Why are these changes needed?

This adds a callback when an object store node runs out of memory to choose objects to spill, after first attempting to make space through eviction of objects not currently referenced. Since spilling is asynchronous, the object store client must try to create the object again. Once the object spilling is complete, the object creation will succeed.

A TODO is to modify the object store to respond to the client asynchronously. This is so that, in the case that we can definitely make enough space by spilling other objects, the object store client does not have to retry the create call on a timer and we do not block the object store while the objects are being spilled.

This PR also introduces some changes to the way configs are passed around the cluster to accommodate passing around the object spilling config, which is a JSON string. Long-term, we should have a less brittle way to pass around arbitrary config values.

Related issue number

Closes #9849.

Checks

I've run scripts/format.sh to lint the changes in this PR.
I've included any doc changes needed for https://docs.ray.io/en/master/.
I've made sure the tests are passing. Note that there might be a few flaky tests, see the recent failures at https://flakey-tests.ray.io/
Testing Strategy
- Unit tests
- Release tests
- This PR is not tested :(

ericl · 2020-10-29T00:31:11Z

I think there are some missing BUILD files (doesn't compile).

python/ray/tests/test_object_spilling.py

src/ray/common/ray_config_def.h

python/ray/workers/default_worker.py

src/ray/object_manager/common.h

src/ray/object_manager/plasma/store.cc

src/ray/raylet/local_object_manager.cc

rkooo567 · 2020-10-29T05:19:40Z

src/ray/object_manager/plasma/store.cc

+        // TODO: Only respond to the client with OutOfMemory if we could not
+        // make enough space through spilling. If we could make enough space,
+        // respond to the plasma client once spilling is complete.
+        static_cast<void>(spill_objects_callback_(space_needed));


I might misunderstand here, but doesn't this mean raylet can try creating new objects or pulling new objects "before" all objects are actually spilled, and it can lead to OOM in some scenarios?

Or is it handled from the object store side?

Yes, it's possible that if the spilling is too slow, the client will still receive an OOM even though enough space will be made eventually.

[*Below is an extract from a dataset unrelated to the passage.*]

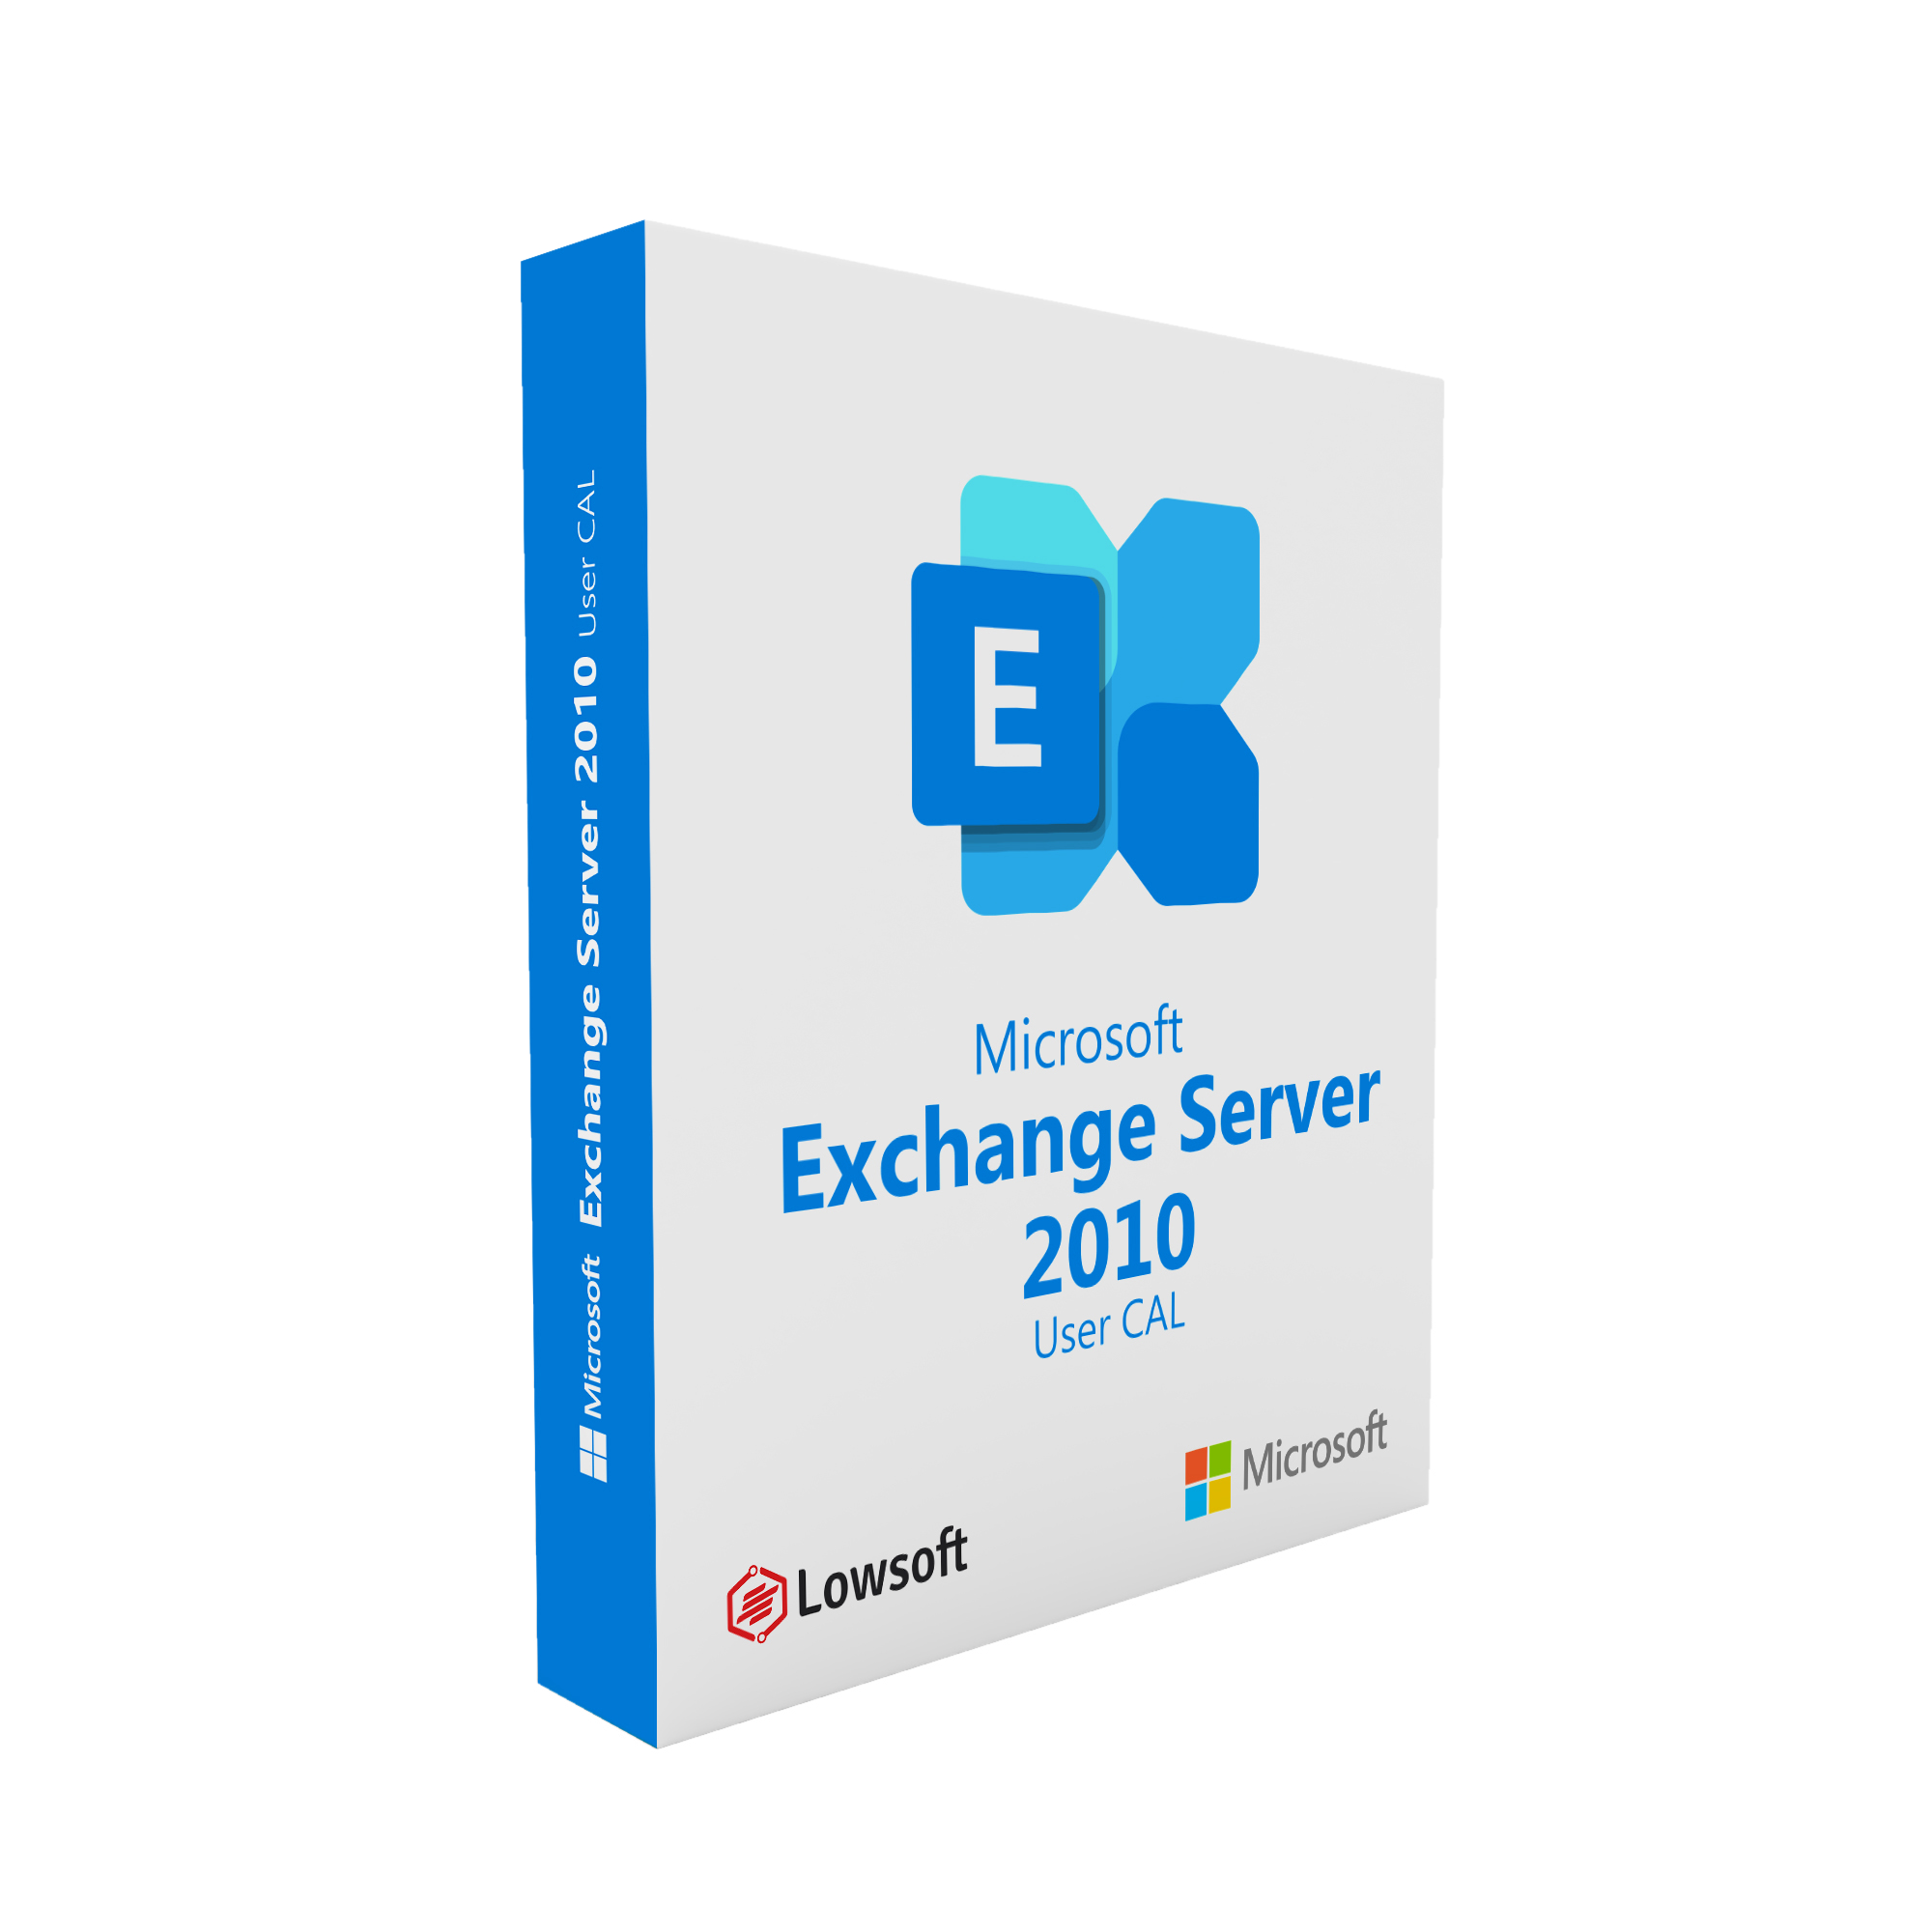 Exchange Server 2010 User CAL

ericl · 2020-10-29T05:41:34Z

src/ray/object_manager/common.h

+// See the License for the specific language governing permissions and
+// limitations under the License.
+
+namespace ray {


#include <functional>?

python/ray/_private/services.py

src/ray/raylet/local_object_manager.cc

ericl · 2020-10-29T05:56:05Z

This is pretty cool. One thing I noticed is that

import json
import numpy as np
import ray

ray.init(
    object_store_memory=100 * 1024 * 1024,
    _system_config={
        "automatic_object_spilling_enabled": True,
        "object_spilling_config": json.dumps(
            {"type": "filesystem", "params": {"directory_path": "/tmp/spill"}},
            separators=(",", ":")
        )
    },
)

@ray.remote
def f():
    return np.zeros(10 * 1024 * 1024)

ids = []
for _ in range(10):
    x = f.remote()
    ids.append(x)

for x in ids:
    print(ray.get(x).shape)

This kind of workload will hang because the retries are waiting not enough time. I guess this will be addressed with the async RPC, but in the interim can we return a special return code to allow indefinite retries with low delay (e.g., every 10ms retry). This would allow spilling to be used for real workloads with pretty good performance.

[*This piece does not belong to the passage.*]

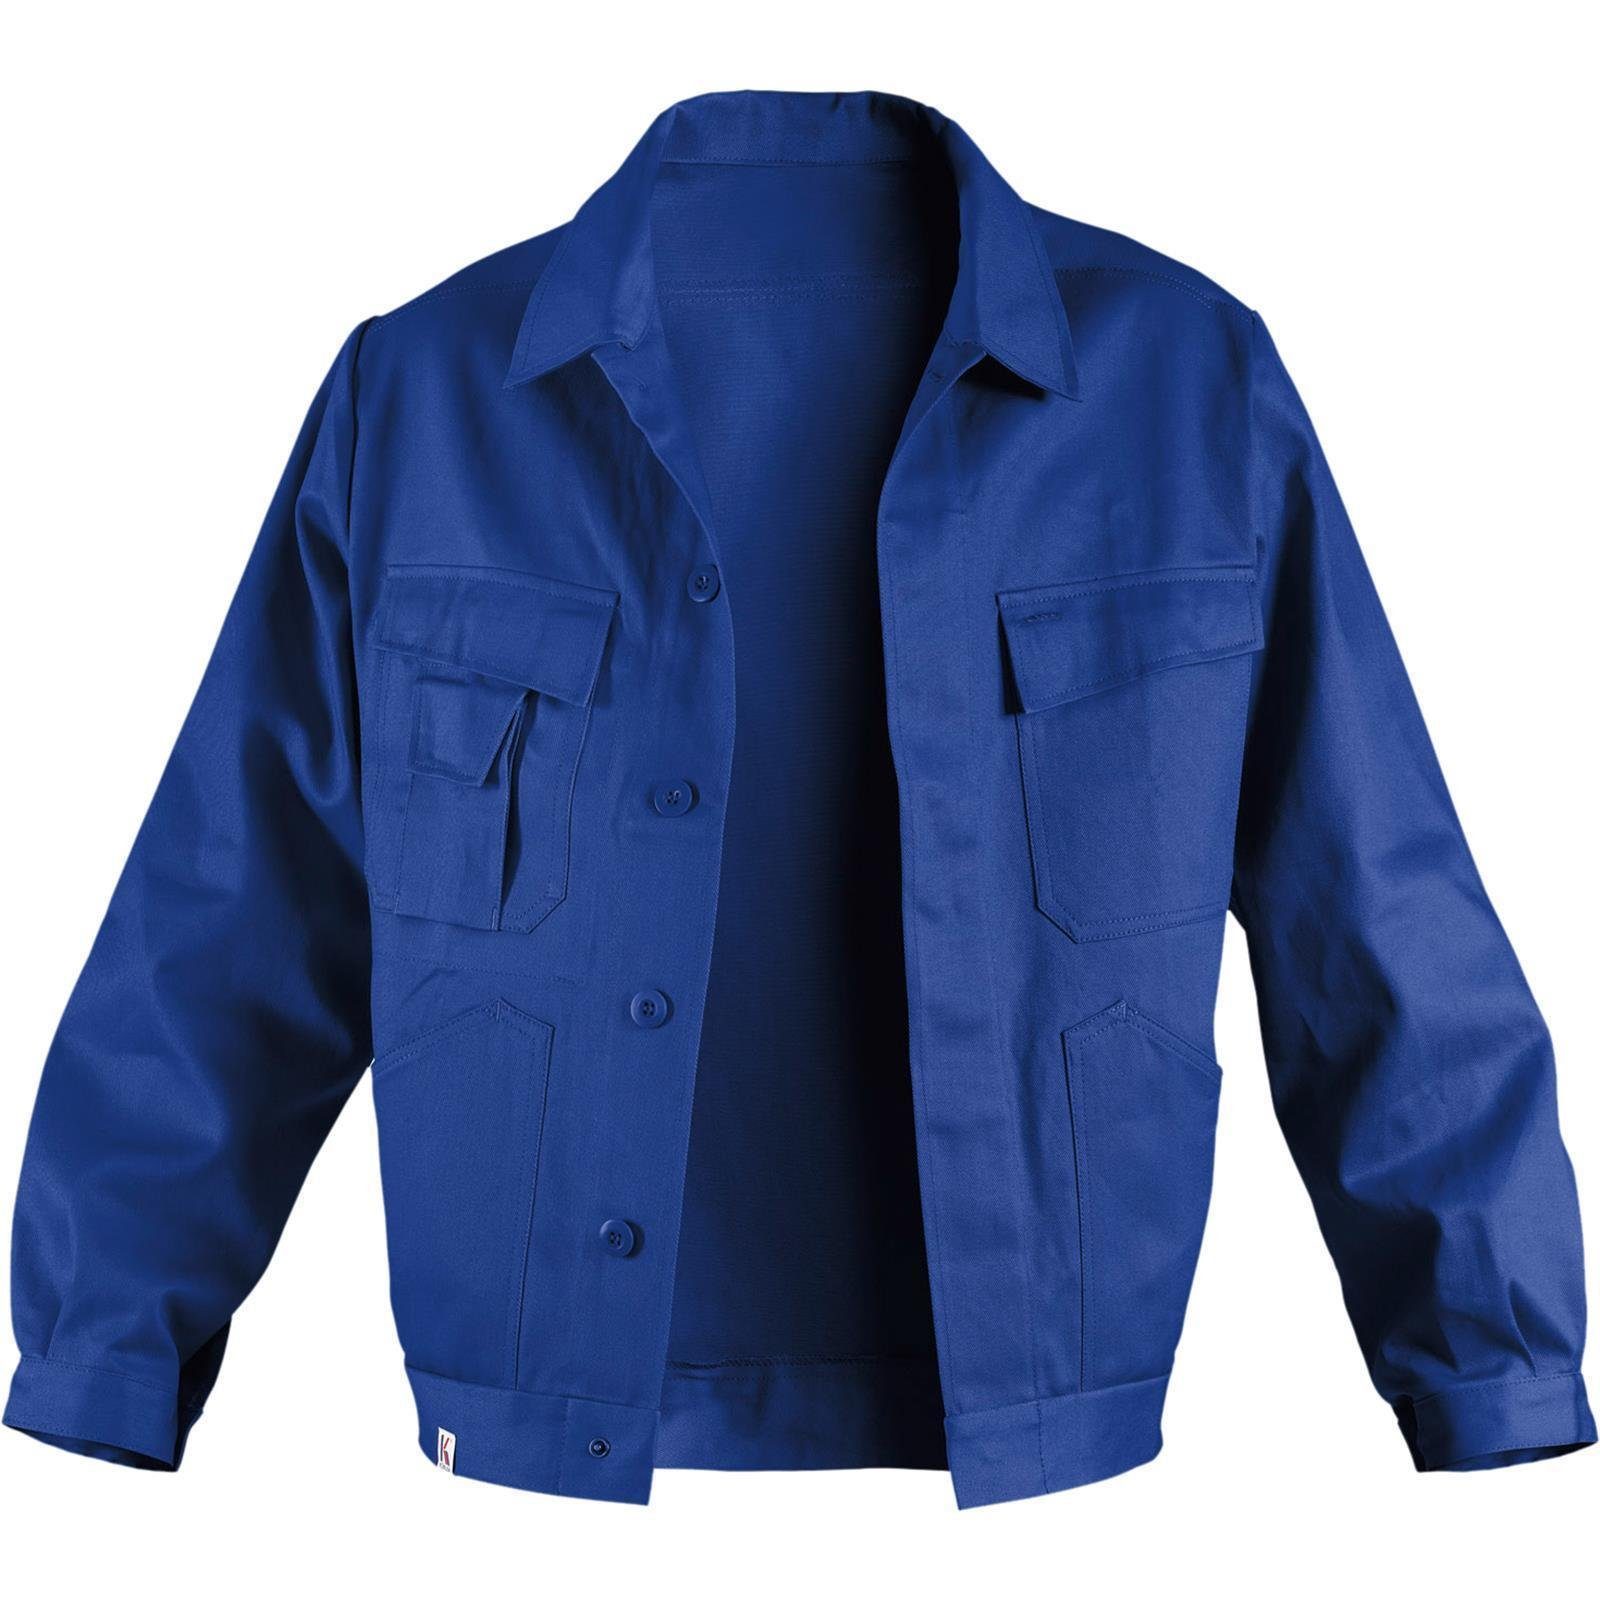 Kübler Arbeitsjacke Kübler Jacke kornblau 100%Baumwolle

Co-authored-by: SangBin Cho <rkooo567@gmail.com>

stephanie-wang · 2020-10-31T17:09:37Z

This kind of workload will hang because the retries are waiting not enough time. I guess this will be addressed with the async RPC, but in the interim can we return a special return code to allow indefinite retries with low delay (e.g., every 10ms retry). This would allow spilling to be used for real workloads with pretty good performance.

Hmm so I tried this and it actually still has the same problem. I added a new error code for the object store being transiently out of memory, and the client will retry quickly after receiving this error code. This is to prevent indefinite retries in the case where two clients need to create an object and there are pending spills, but only one of the clients will be able to create its object after the spills complete. If we just did an infinite retry loop on the second client, we could hang and never throw OutOfMemory.

There are two issues in the script you posted, both pretty subtle:

Since there are multiple clients trying to create an object at the same time, only one of them will succeed after an object has been spilled. But then since all the clients retry at around the same time, the others retry while the one that succeeded is still creating its object (so its object can't be evicted or spilled). I managed to get this to work by resetting the normal OutOfMemory retries if the client ever receives the transient error, but I don't think that will work in all cases.
During the script, there is one client (the driver) trying to get objects. With only one IO worker, this will hang because the IO worker will try to restore the driver's object, but that requires the other object to be spilled, which also requires an IO worker. I confirmed that it works once max IO workers is set to 2.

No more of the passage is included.